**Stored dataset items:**
--- START ---

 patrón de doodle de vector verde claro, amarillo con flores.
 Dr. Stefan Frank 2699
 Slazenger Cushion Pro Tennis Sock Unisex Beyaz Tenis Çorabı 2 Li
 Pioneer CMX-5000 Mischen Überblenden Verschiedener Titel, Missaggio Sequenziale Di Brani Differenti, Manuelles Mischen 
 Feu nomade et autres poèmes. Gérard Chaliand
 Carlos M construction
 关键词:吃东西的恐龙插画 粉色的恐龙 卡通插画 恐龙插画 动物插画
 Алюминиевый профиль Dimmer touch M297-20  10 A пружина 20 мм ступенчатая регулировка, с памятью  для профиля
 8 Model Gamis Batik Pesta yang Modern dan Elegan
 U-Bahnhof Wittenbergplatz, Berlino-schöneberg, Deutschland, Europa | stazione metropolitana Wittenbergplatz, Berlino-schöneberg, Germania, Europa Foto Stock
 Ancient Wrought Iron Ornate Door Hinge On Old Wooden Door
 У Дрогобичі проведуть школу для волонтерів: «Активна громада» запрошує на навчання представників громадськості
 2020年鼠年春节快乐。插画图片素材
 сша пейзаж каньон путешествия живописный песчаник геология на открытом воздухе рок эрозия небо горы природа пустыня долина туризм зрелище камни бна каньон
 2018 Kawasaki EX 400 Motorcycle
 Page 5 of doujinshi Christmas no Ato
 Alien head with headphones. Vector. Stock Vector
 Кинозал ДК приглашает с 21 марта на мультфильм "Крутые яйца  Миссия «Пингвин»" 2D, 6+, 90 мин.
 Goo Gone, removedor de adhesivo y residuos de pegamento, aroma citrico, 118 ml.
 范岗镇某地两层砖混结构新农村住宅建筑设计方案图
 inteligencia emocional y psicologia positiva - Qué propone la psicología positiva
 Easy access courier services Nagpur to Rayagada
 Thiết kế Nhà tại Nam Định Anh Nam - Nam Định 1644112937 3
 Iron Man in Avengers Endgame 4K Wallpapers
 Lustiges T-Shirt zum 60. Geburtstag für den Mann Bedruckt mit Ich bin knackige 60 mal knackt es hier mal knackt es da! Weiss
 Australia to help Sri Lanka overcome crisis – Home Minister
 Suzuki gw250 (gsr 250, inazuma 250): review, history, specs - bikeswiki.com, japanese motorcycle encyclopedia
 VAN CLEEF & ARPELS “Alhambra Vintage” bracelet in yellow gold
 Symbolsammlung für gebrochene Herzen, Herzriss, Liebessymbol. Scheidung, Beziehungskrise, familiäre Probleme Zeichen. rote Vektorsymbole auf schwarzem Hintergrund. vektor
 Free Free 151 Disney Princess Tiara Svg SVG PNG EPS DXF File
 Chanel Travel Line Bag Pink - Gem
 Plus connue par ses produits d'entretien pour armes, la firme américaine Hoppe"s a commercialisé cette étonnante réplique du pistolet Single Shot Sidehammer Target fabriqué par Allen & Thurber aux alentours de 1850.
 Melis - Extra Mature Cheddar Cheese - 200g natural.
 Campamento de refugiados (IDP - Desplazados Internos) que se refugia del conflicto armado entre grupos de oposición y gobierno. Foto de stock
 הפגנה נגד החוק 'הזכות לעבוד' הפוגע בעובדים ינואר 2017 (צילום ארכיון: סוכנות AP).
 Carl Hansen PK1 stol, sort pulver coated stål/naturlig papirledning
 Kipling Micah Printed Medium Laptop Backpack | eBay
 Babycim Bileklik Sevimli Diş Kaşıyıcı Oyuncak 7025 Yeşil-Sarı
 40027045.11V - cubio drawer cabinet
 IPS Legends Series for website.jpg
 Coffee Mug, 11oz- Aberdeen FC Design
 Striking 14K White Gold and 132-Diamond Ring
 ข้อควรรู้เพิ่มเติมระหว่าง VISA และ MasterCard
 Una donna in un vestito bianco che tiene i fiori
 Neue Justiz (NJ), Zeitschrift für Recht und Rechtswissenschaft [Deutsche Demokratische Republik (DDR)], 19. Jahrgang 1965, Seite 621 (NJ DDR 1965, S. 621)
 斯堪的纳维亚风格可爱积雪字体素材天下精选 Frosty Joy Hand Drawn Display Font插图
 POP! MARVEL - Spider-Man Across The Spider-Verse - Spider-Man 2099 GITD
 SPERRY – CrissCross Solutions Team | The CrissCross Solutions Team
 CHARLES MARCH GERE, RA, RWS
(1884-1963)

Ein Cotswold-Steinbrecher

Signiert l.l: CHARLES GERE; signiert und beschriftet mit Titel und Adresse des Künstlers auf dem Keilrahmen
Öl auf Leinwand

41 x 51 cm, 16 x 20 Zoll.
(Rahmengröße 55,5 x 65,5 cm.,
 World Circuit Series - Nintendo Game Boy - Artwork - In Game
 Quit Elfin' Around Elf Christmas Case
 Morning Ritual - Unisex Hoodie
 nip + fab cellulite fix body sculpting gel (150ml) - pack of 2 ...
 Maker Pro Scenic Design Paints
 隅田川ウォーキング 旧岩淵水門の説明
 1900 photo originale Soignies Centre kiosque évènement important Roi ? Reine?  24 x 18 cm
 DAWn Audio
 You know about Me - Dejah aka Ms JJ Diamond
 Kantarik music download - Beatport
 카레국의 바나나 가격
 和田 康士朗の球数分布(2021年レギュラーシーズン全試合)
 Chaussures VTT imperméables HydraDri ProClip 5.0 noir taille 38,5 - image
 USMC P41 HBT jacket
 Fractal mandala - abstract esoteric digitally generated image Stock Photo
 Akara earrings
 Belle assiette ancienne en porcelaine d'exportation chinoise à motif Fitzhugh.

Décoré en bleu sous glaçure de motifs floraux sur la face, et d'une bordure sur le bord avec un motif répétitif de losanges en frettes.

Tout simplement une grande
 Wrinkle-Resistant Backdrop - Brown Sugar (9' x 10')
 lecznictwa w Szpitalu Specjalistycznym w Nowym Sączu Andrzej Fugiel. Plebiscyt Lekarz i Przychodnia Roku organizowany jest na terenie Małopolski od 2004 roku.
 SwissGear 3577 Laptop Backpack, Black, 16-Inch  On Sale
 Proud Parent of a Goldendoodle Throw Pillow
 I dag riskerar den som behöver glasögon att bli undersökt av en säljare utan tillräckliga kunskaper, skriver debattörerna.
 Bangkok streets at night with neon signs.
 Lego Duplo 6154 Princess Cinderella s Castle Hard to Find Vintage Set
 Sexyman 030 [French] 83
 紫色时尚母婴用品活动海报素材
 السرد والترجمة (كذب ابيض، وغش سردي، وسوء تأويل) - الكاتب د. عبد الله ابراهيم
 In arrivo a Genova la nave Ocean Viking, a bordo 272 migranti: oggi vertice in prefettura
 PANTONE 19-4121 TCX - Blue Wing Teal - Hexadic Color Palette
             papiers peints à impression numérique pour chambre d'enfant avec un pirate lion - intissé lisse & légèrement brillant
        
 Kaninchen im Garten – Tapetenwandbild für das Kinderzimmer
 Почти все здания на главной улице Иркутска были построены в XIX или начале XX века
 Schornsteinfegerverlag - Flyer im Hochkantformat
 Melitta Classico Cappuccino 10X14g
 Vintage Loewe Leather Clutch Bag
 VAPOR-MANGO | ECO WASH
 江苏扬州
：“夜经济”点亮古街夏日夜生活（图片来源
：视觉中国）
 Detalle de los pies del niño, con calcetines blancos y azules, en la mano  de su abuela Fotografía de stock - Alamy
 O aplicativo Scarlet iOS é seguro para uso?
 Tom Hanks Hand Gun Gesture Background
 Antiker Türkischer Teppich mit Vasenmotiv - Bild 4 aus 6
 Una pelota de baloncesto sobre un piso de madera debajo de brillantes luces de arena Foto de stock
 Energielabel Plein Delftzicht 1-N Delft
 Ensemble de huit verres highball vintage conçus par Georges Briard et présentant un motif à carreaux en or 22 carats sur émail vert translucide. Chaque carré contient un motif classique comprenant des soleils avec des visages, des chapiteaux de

--- END ---

**WHAT THE EXERCISE ASKS:** Return, unchanged, the run of lines above that opens with the line containing "Кинозал ДК приглашает" and closes with the line containing "Iron Man in Avengers Endgame 4K Wallpapers". Include both.

**TASK OUTPUT:**
 Кинозал ДК приглашает с 21 марта на мультфильм "Крутые яйца  Миссия «Пингвин»" 2D, 6+, 90 мин.
 Goo Gone, removedor de adhesivo y residuos de pegamento, aroma citrico, 118 ml.
 范岗镇某地两层砖混结构新农村住宅建筑设计方案图
 inteligencia emocional y psicologia positiva - Qué propone la psicología positiva
 Easy access courier services Nagpur to Rayagada
 Thiết kế Nhà tại Nam Định Anh Nam - Nam Định 1644112937 3
 Iron Man in Avengers Endgame 4K Wallpapers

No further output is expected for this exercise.